CSUDH associate professor and chair of the political science department Salvatore Russo forecast Newsom is holding onto his seat even if the recall election is triggered.

“I know Major Williams and John Cox have both been trying to establish the ground game necessary to defeat the governor, but I think any republican challenger faces an uphill battle,” said Russo. “Despite some Democratic dissatisfaction with Newsom, the party will likely solidify around him during the recall.”

If a recall election is triggered for later this year, it will not be the first in California. In 2003 former Gov. Gray Davis lost a recall election and was replaced with Arnold Schwarzenegger.
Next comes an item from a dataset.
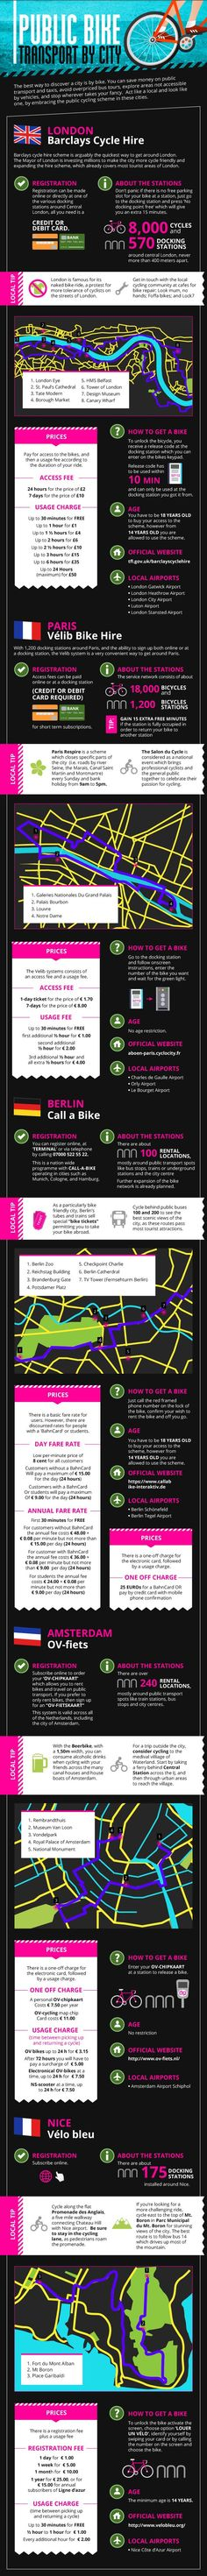 Public City Bikes In Europe infographic  by momondo
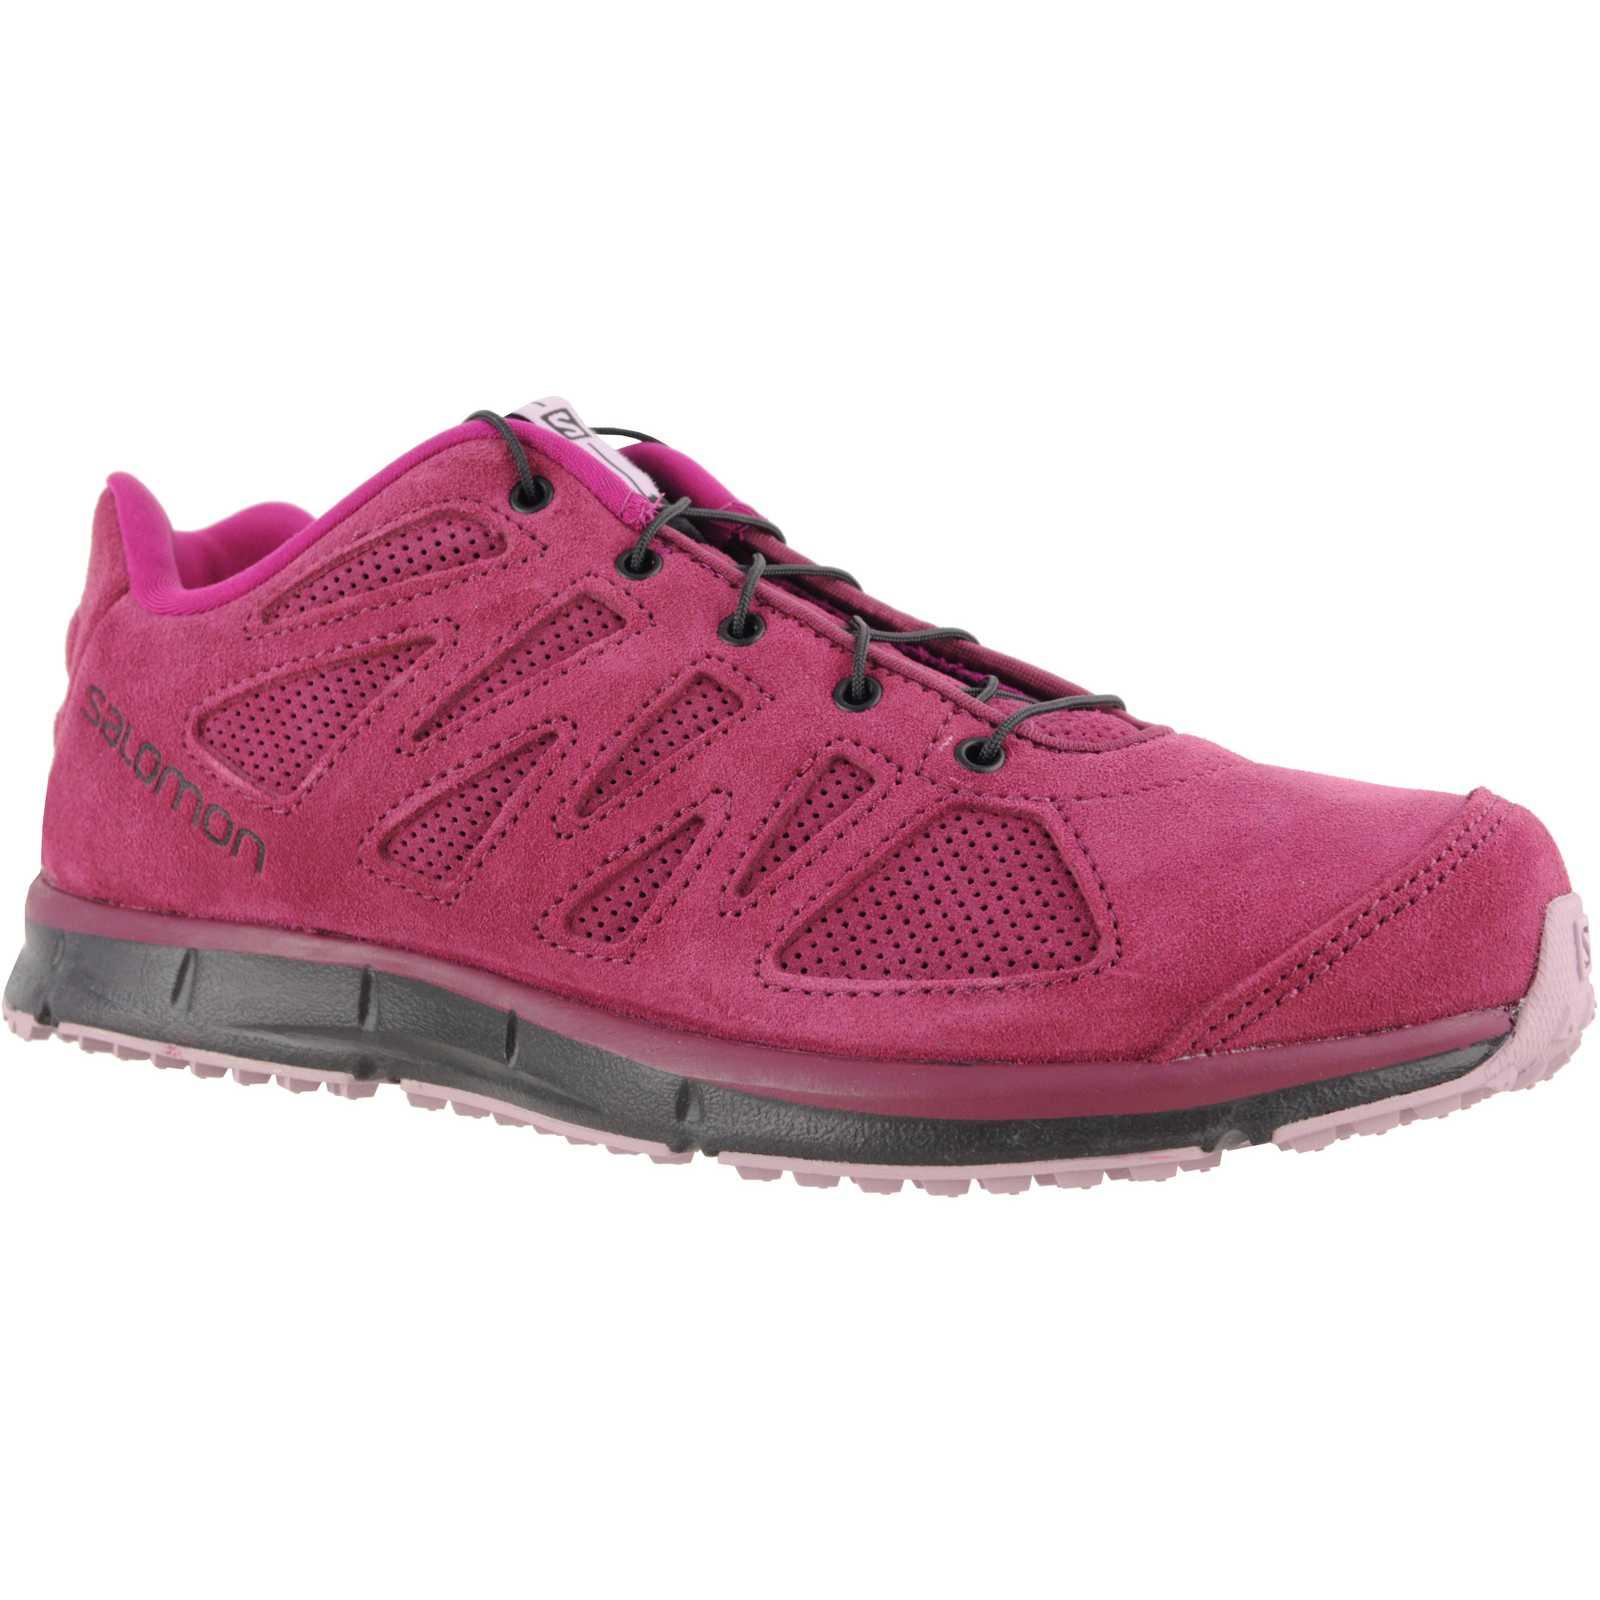 Pantofi sport femei Salomon Kalalau LTR 366647

The earliest a potential recall election would take place is mid-summer. The recall campaign has until the March 17 deadline to submit their signatures to each county. Each county has until April 29, to verify the collected signatures and submit them to the state.

Anyone who signed the recall petition then has 30 days to remove their signature, if wished. The state then verifies the collected signatures and the lieutenant governor will announce a recall election no less than 60 days after state verification.

So far two supporters of the recall campaign have announced bids to take on Newsom. Businessman John Cox already ran for governor against Newsom in 2018 and lost by a 62 to 38 margin. Also announcing his bid is former San Diego Mayor, Kevin Faulconer, who was the only Republican mayor of a city of over 1 million people in the United States, before he was termed out of office last year.